** Provided data follows **
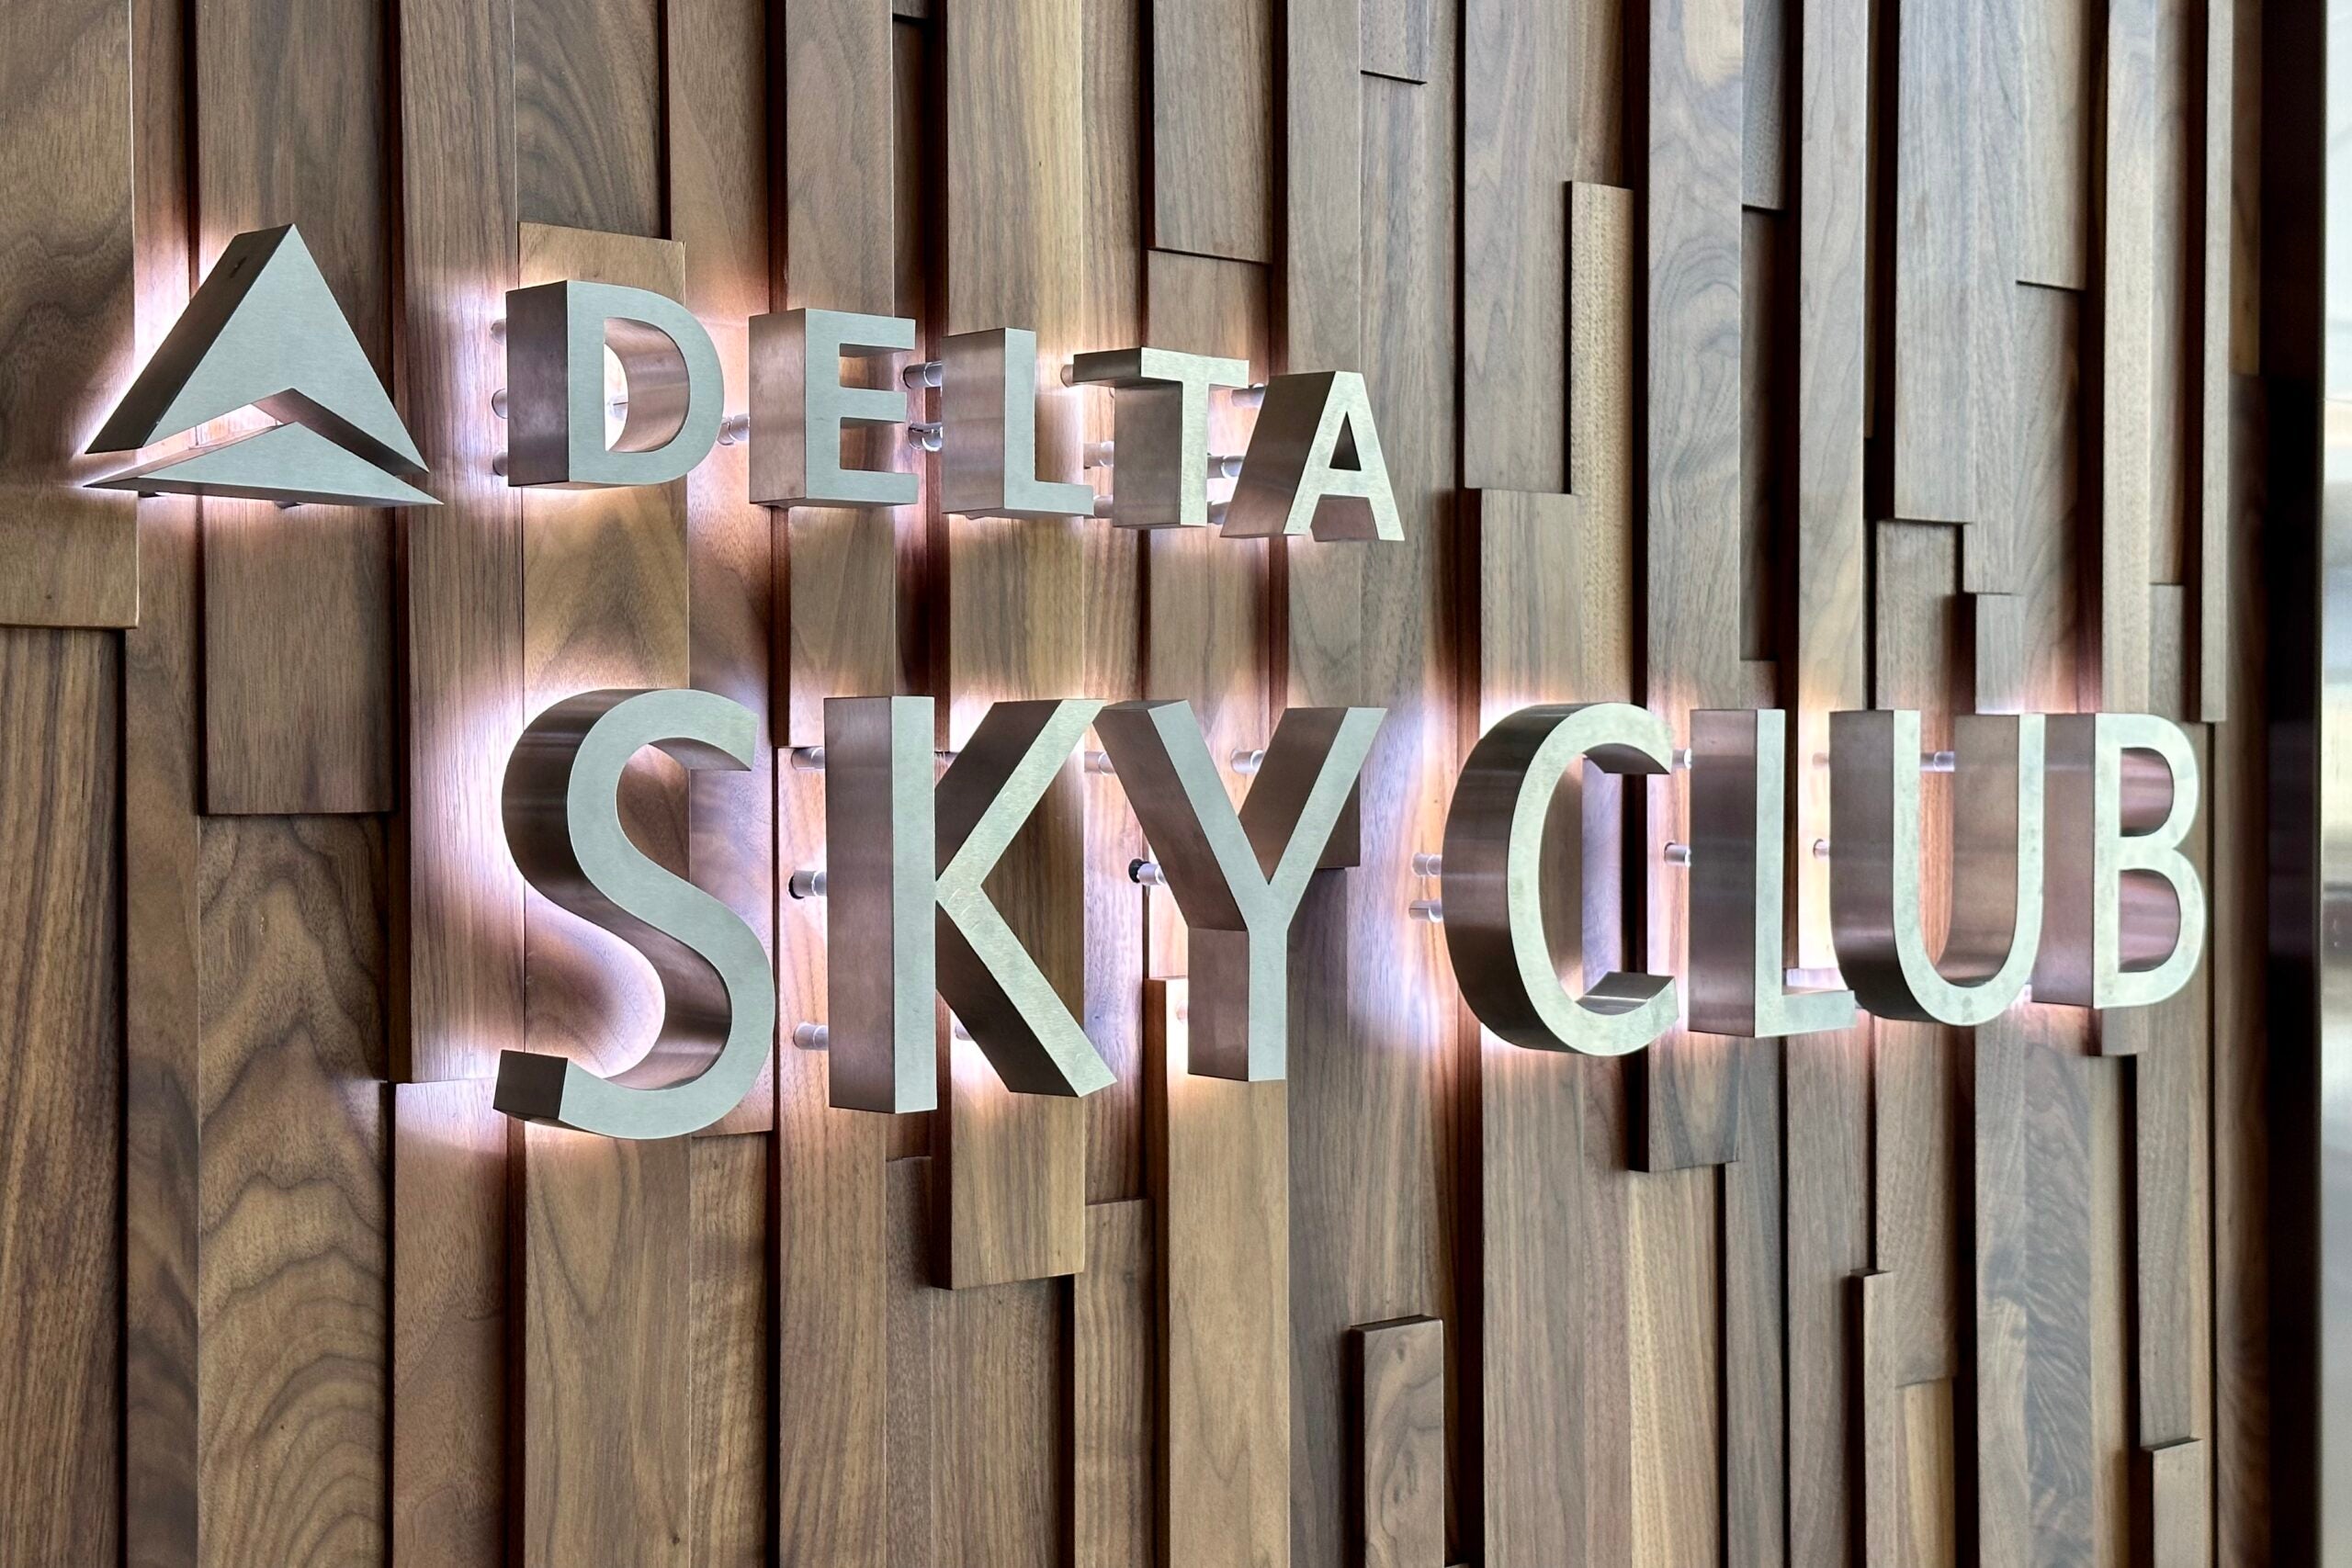 Delta sky club sign
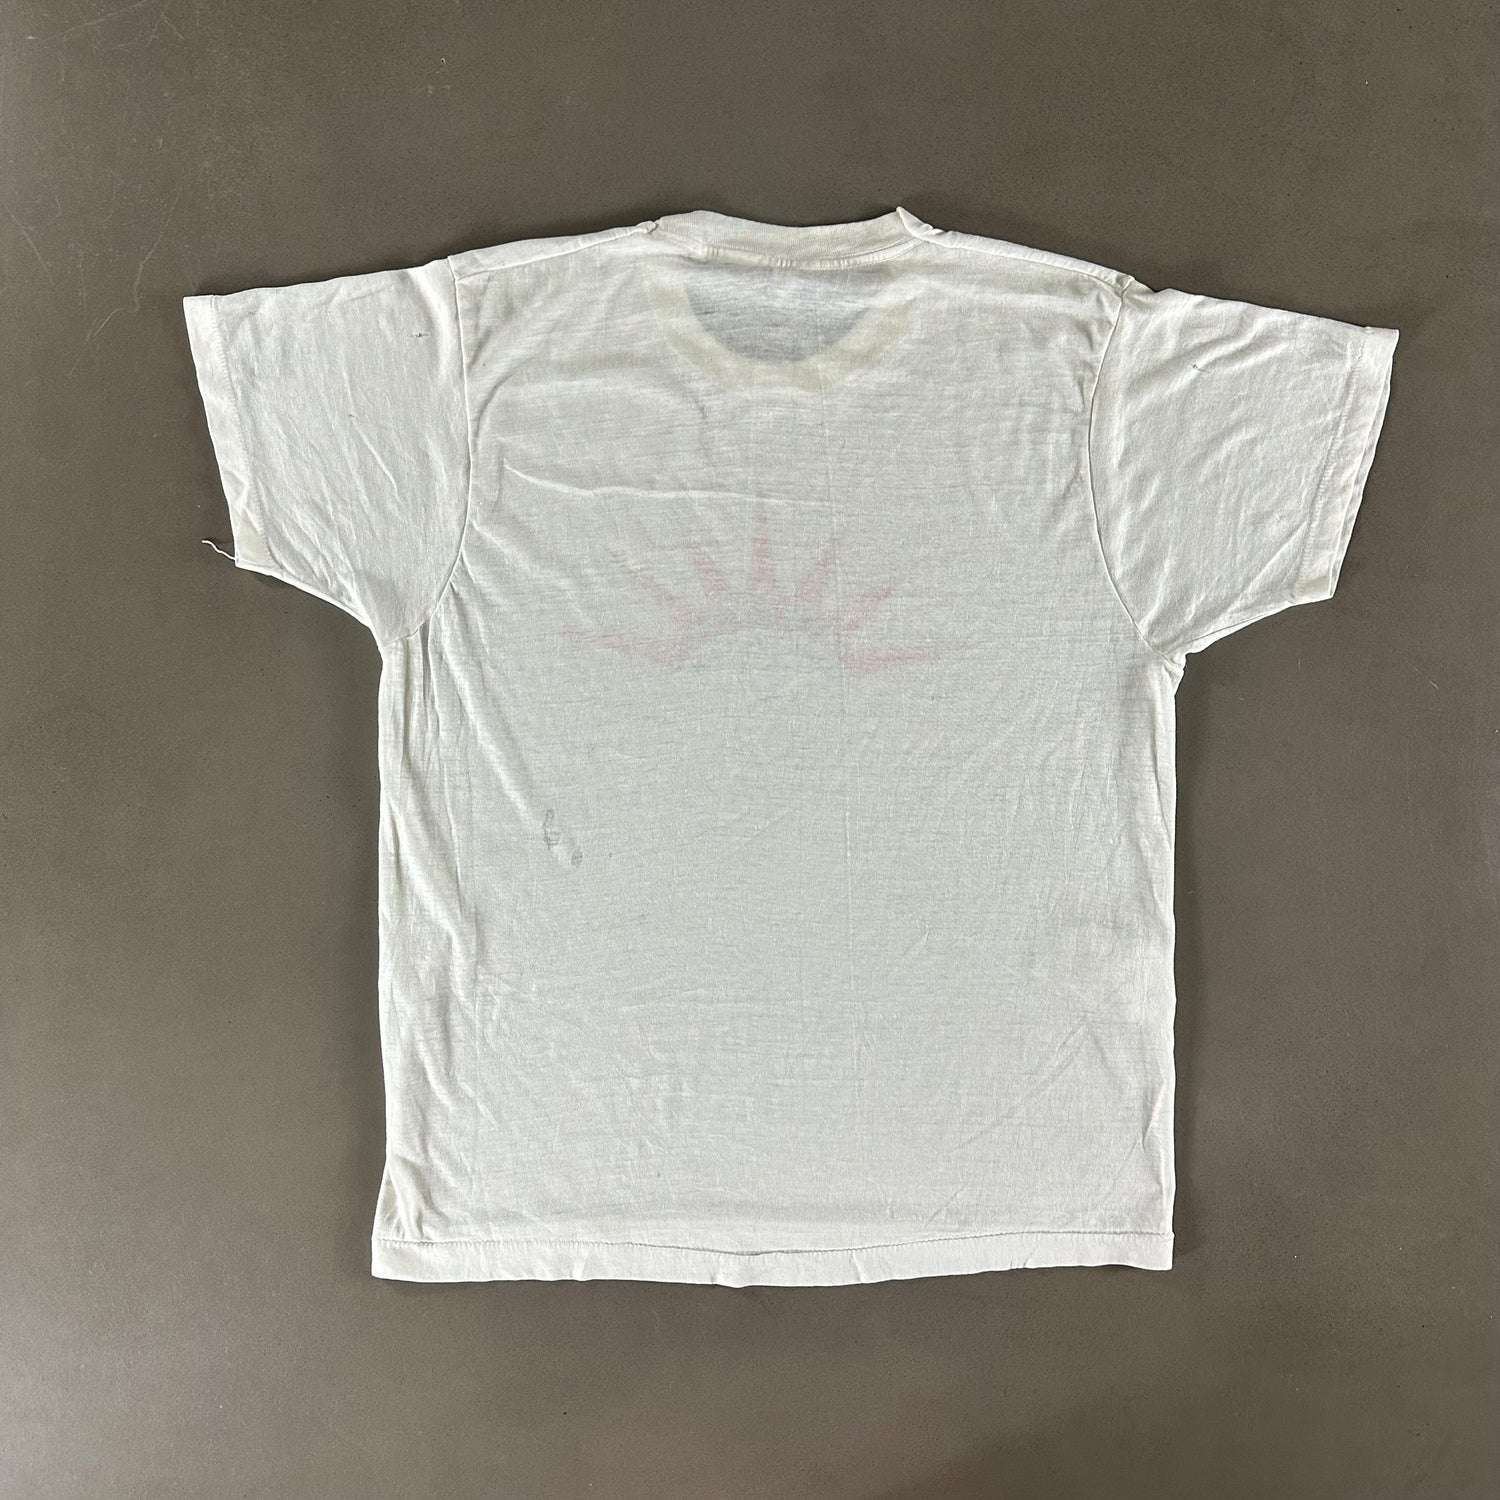 Vintage 1980s Revlon T-shirt size XL
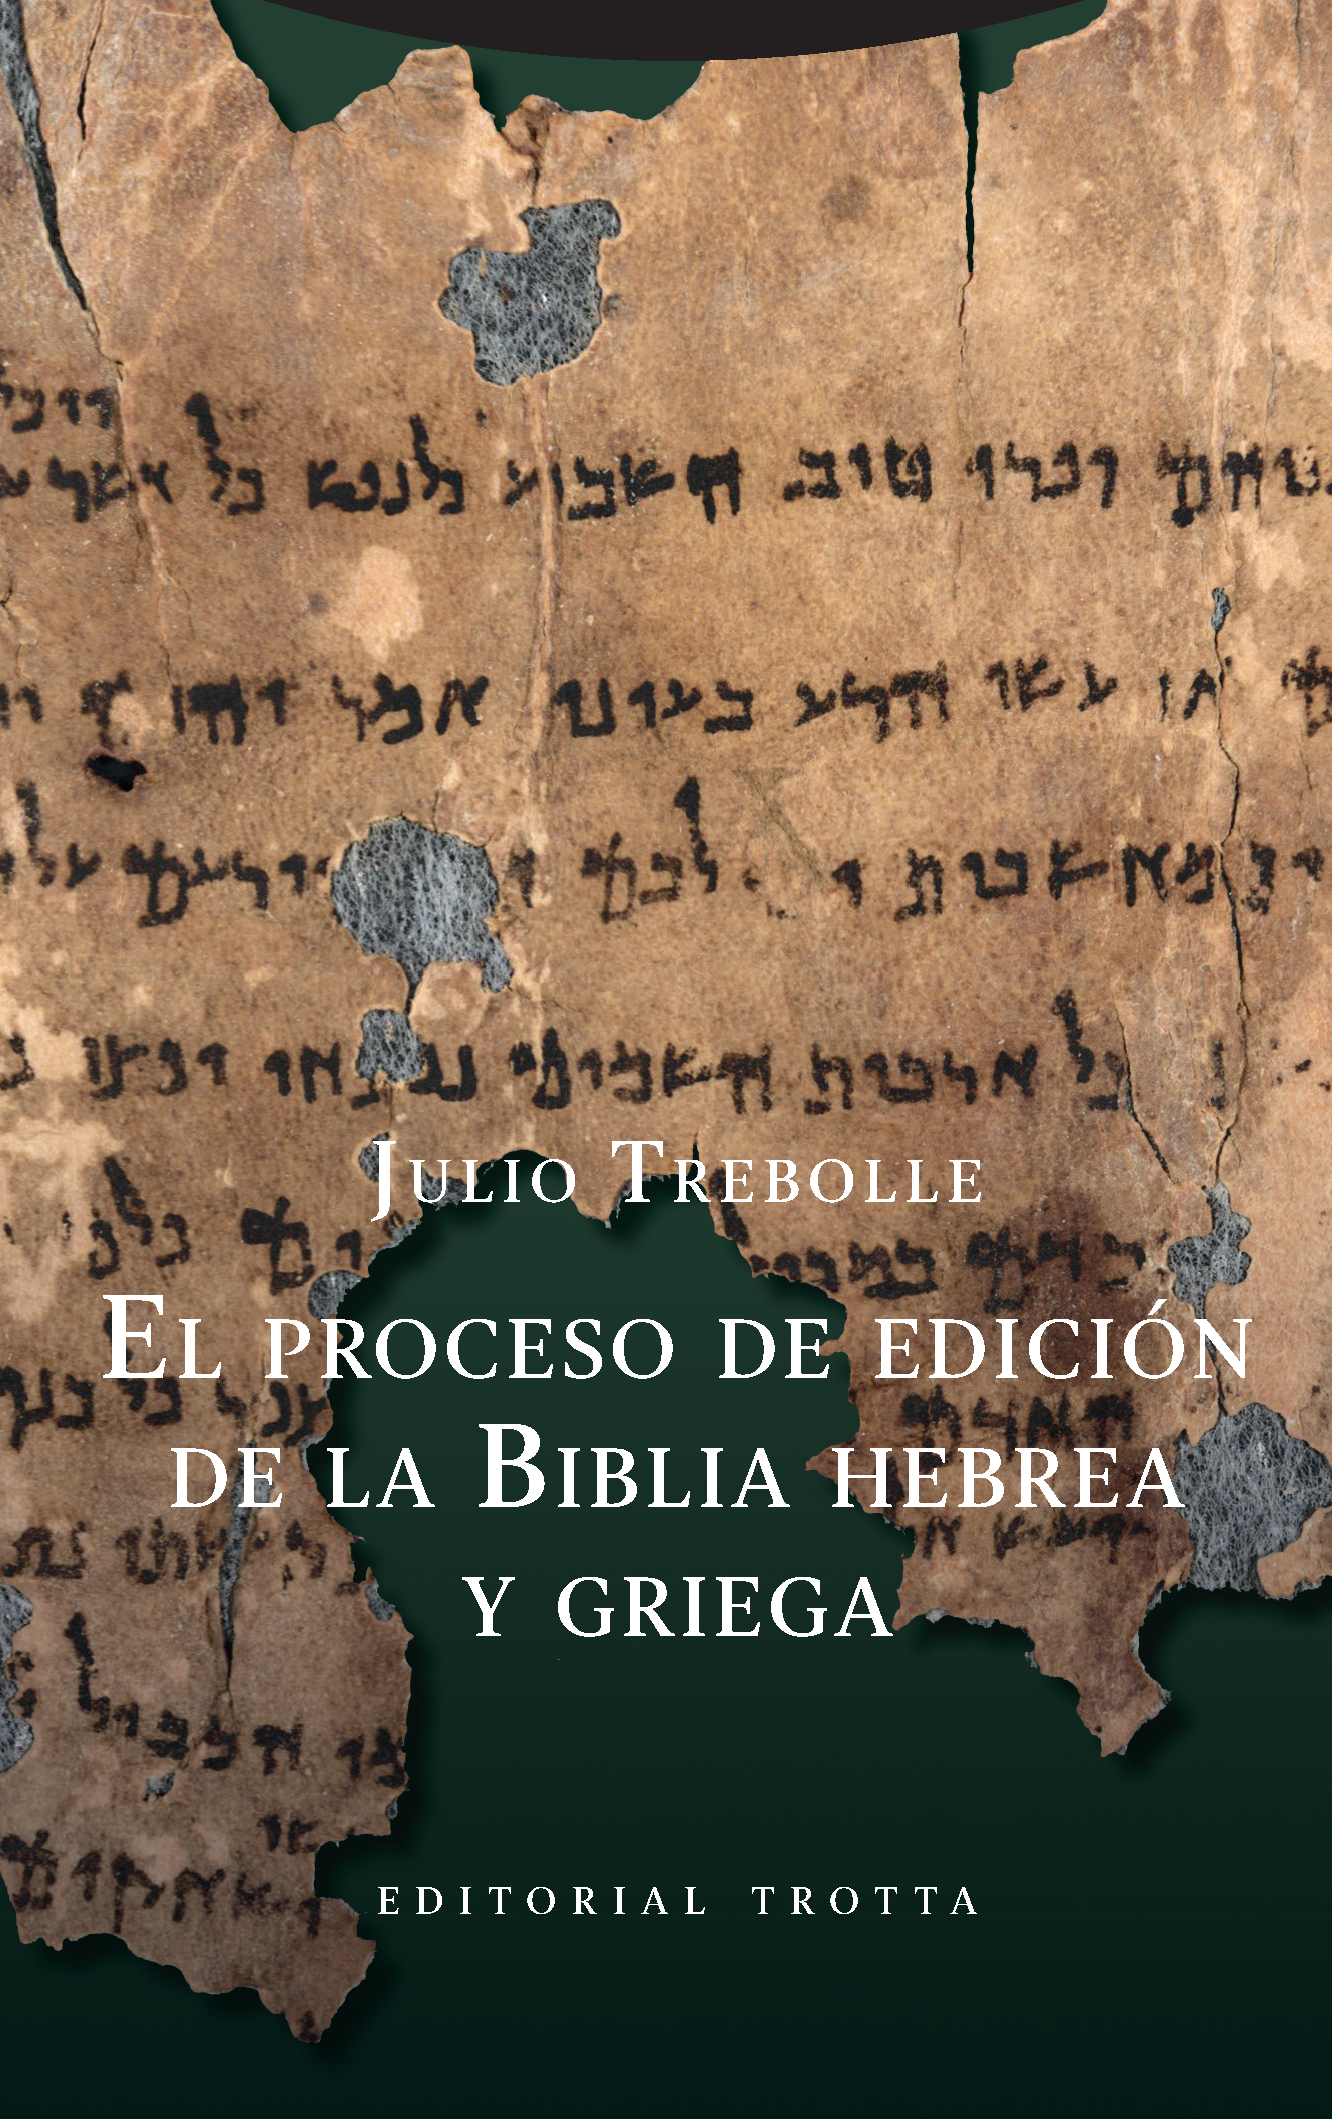 El proceso de edición de la Biblia hebrea y griega
** End of Provided data **
The task:
Copy out every line above without change, dropping the pictures.

Task solution:
 Delta sky club sign
 Vintage 1980s Revlon T-shirt size XL
 El proceso de edición de la Biblia hebrea y griega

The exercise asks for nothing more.